The first encoder 32 is configured to determine the current text content characteristic based on the speech characteristic, for example, to perform step S20 as shown in fig. 1.
The second encoder 33 is configured to determine the identity of the current speaker based on the speech characteristics, for example, to perform step S20 as shown in fig. 1.
The processor 31 is further configured to determine the identity of the target speaker corresponding to the speech based on the identity of the current speaker, for example, to perform step S30 shown in fig. 1.
The decoder 34 is configured to determine the text content information and the speaker identity information corresponding to the speech based on the current text content characteristics and the identity characteristics of the target speaker, for example, to perform step S40 shown in fig. 1.
In the above embodiment, the encoder-decoder model in the whole speech processing apparatus adopts an autoregressive mode to complete the decoding of speech, so as to obtain text content information and speaker identity information.
FIG. 4 is a block diagram illustrating a speech processing apparatus according to further embodiments of the present disclosure.

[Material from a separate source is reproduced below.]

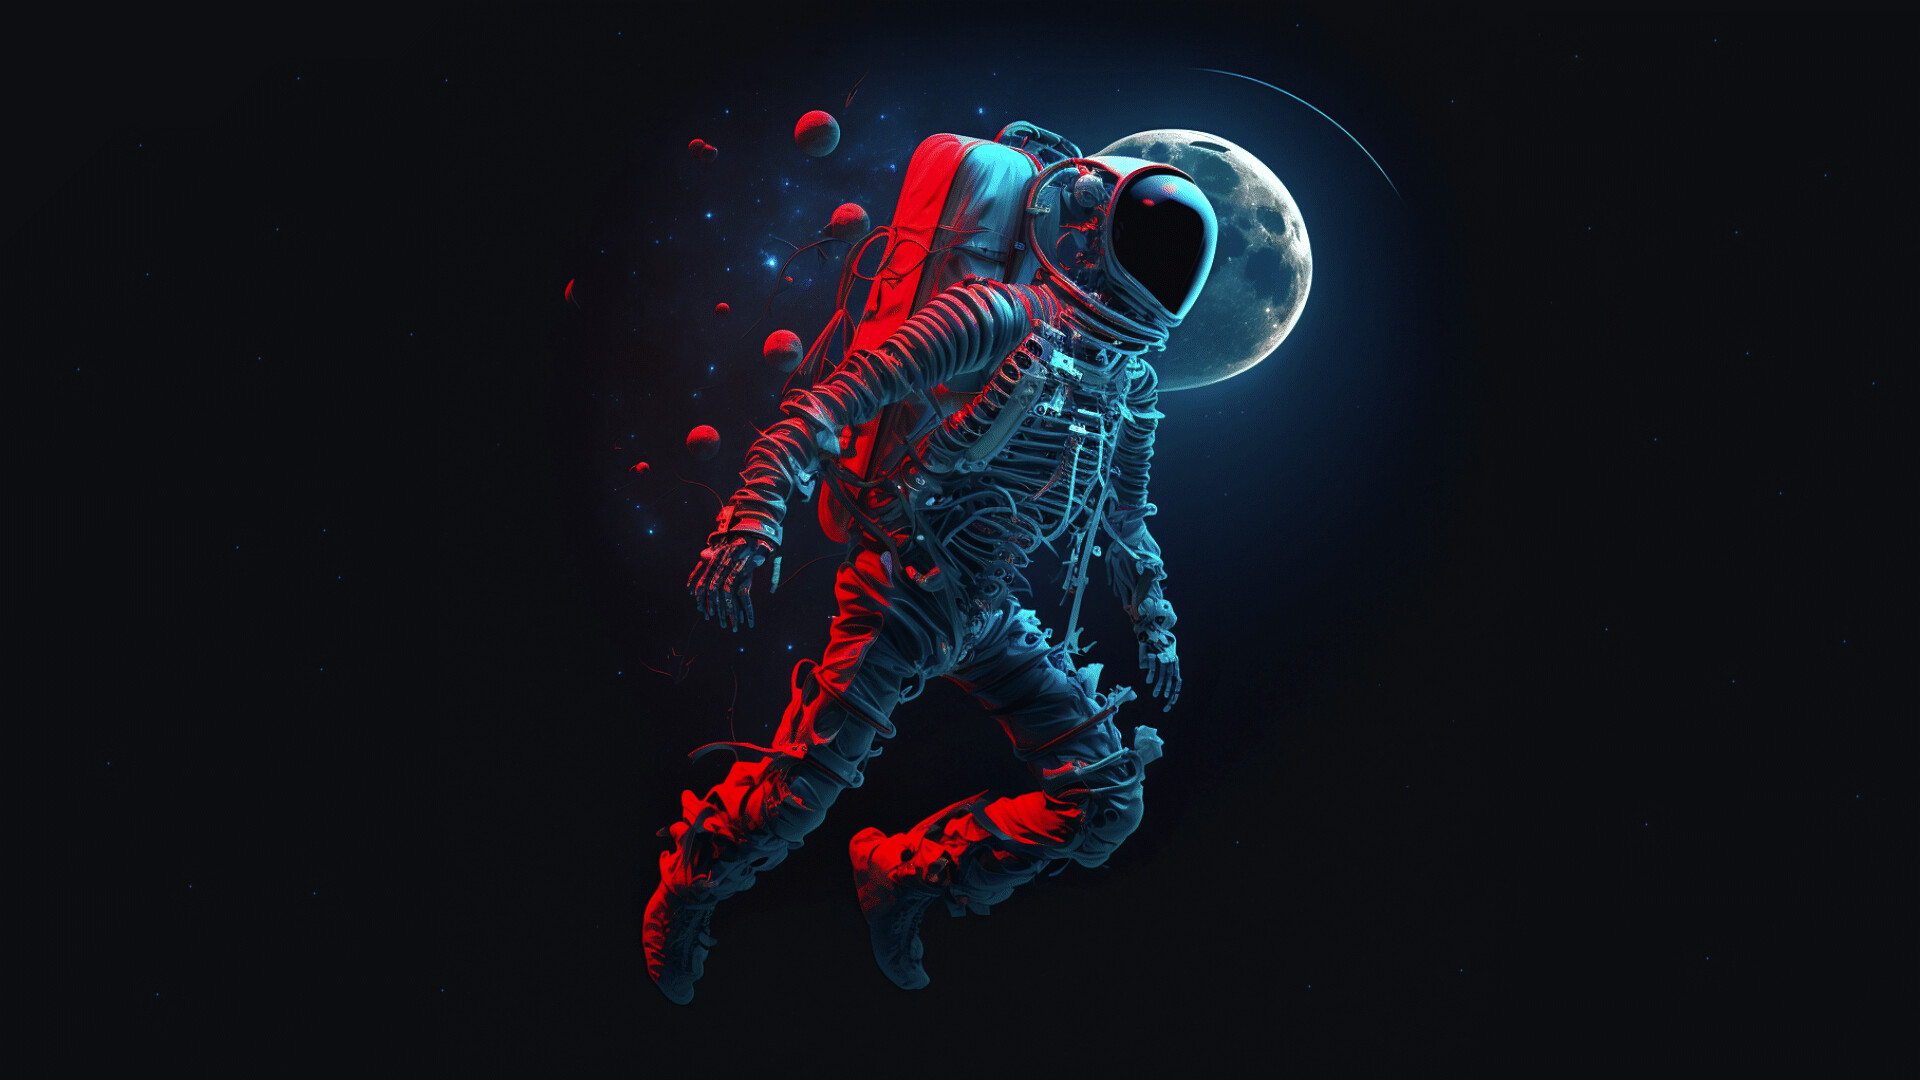 ArtStation - An astronaut in space

As shown in fig. 4, the speech processing apparatus 4 includes a memory 41; and a processor 42 coupled to the memory 41. The memory 41 is used for storing instructions for executing the corresponding embodiment of the speech processing method. The processor 42 is configured to perform the speech processing method in any of the embodiments of the present disclosure based on instructions stored in the memory 41.

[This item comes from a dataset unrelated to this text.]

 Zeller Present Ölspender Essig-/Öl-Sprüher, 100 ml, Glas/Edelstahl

FIG. 5 is a block diagram illustrating a computer system for implementing some embodiments of the present disclosure.
As shown in FIG. 5, the computer system 50 may be embodied in the form of a general purpose computing device. Computer system 50 includes a memory 510, a processor 520, and a bus 500 that connects the various system components.
The memory 510 may include, for example, system memory, non-volatile storage media, and the like. The system memory stores, for example, an operating system, an application program, a Boot Loader (Boot Loader), and other programs. The system memory may include volatile storage media such as Random Access Memory (RAM) and/or cache memory. The non-volatile storage medium stores, for example, instructions to perform corresponding embodiments of at least one of the speech processing methods. Non-volatile storage media include, but are not limited to, magnetic disk storage, optical storage, flash memory, and the like.
The processor 520 may be implemented as discrete hardware components, such as a general purpose processor, a Digital Signal Processor (DSP), an Application Specific Integrated Circuit (ASIC), a Field Programmable Gate Array (FPGA) or other programmable logic device, discrete gates or transistors, or the like. Accordingly, each of the modules, such as the judging module and the determining module, may be implemented by a Central Processing Unit (CPU) executing instructions in a memory for performing the corresponding step, or may be implemented by a dedicated circuit for performing the corresponding step.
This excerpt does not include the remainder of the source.